____ DATA EXCERPT

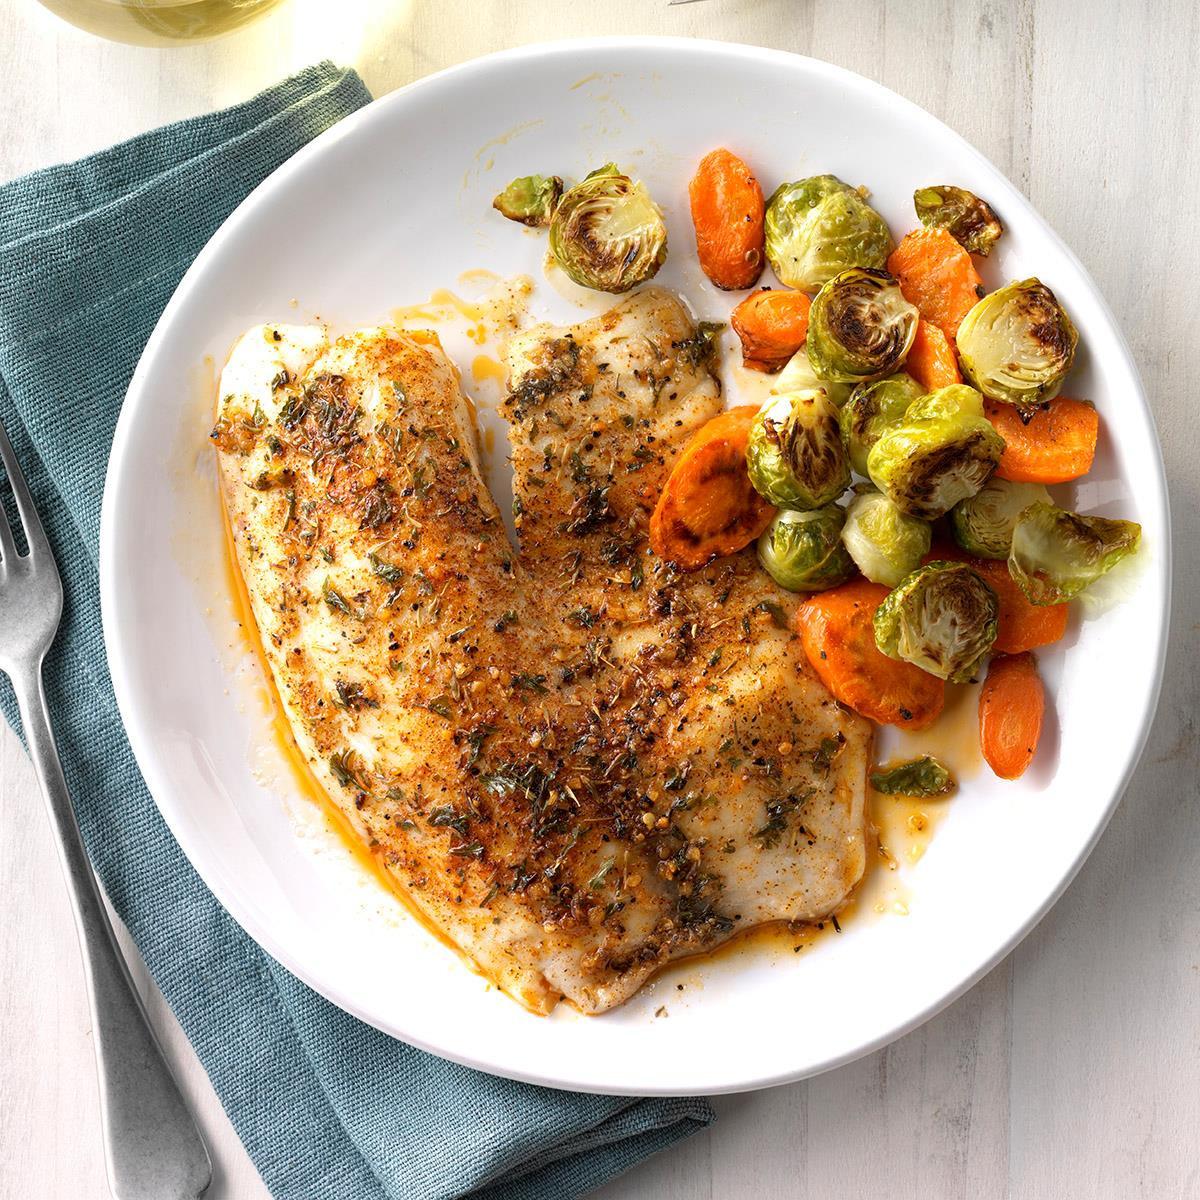 Healthy Tilapia Fish Recipes  Seasoned Tilapia Fillets Recipe
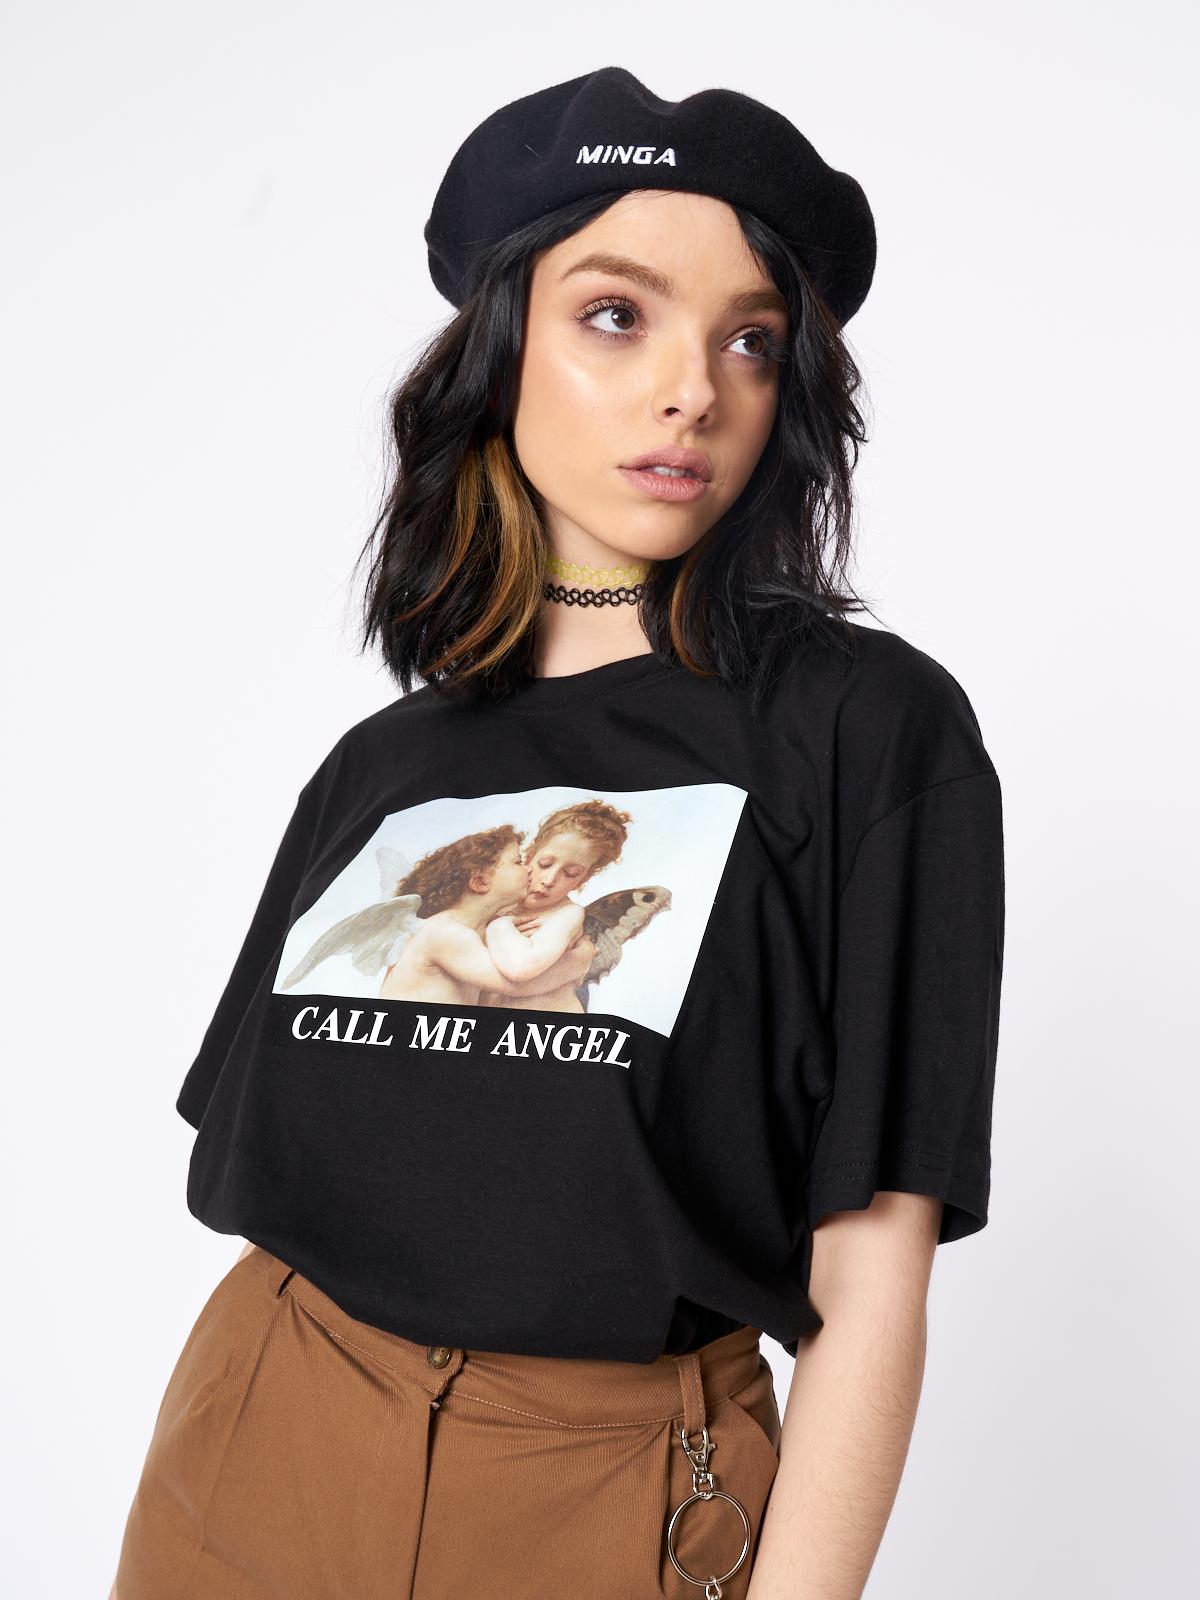 Call Me Angel T Shirt Oversized Tee Outfit T Shirts For Women Retro Fashion Women
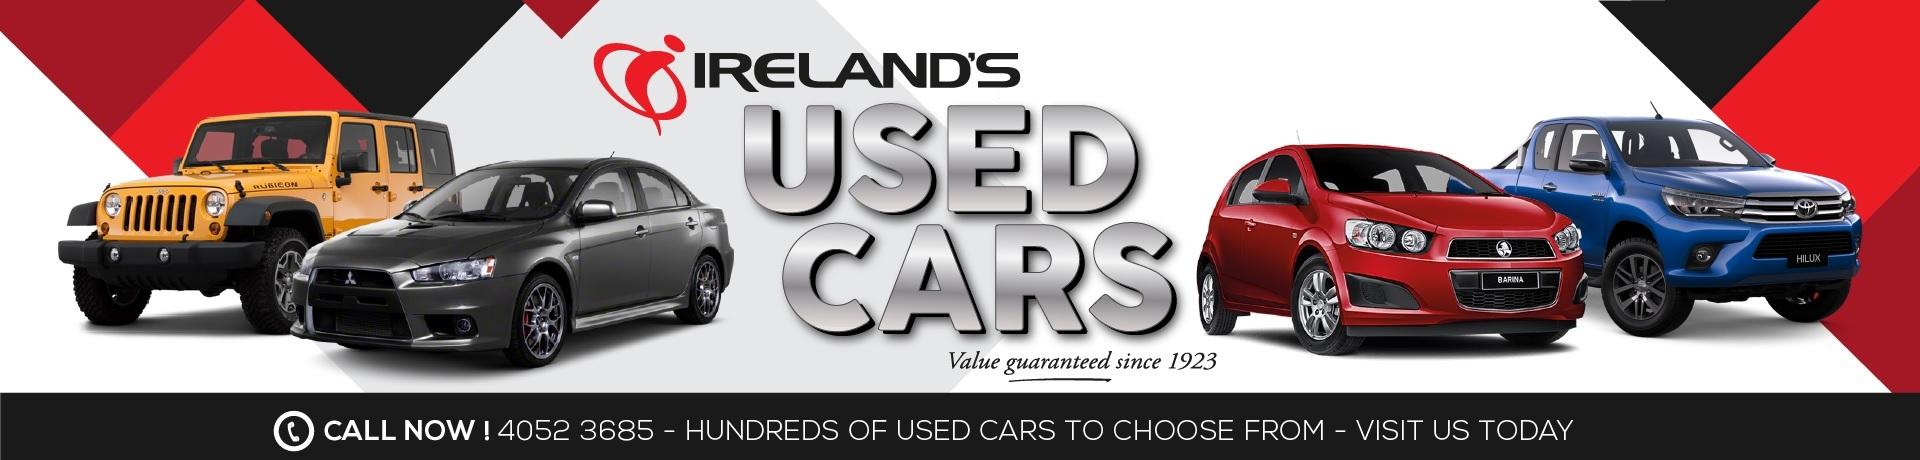 Ireland's Used Cars

________

**TASK STATEMENT:** All the lines above are to be given again exactly as they read, with the pictures removed.

**ANSWER TO THE PROBLEM:**
 Healthy Tilapia Fish Recipes  Seasoned Tilapia Fillets Recipe
 Call Me Angel T Shirt Oversized Tee Outfit T Shirts For Women Retro Fashion Women
 Ireland's Used Cars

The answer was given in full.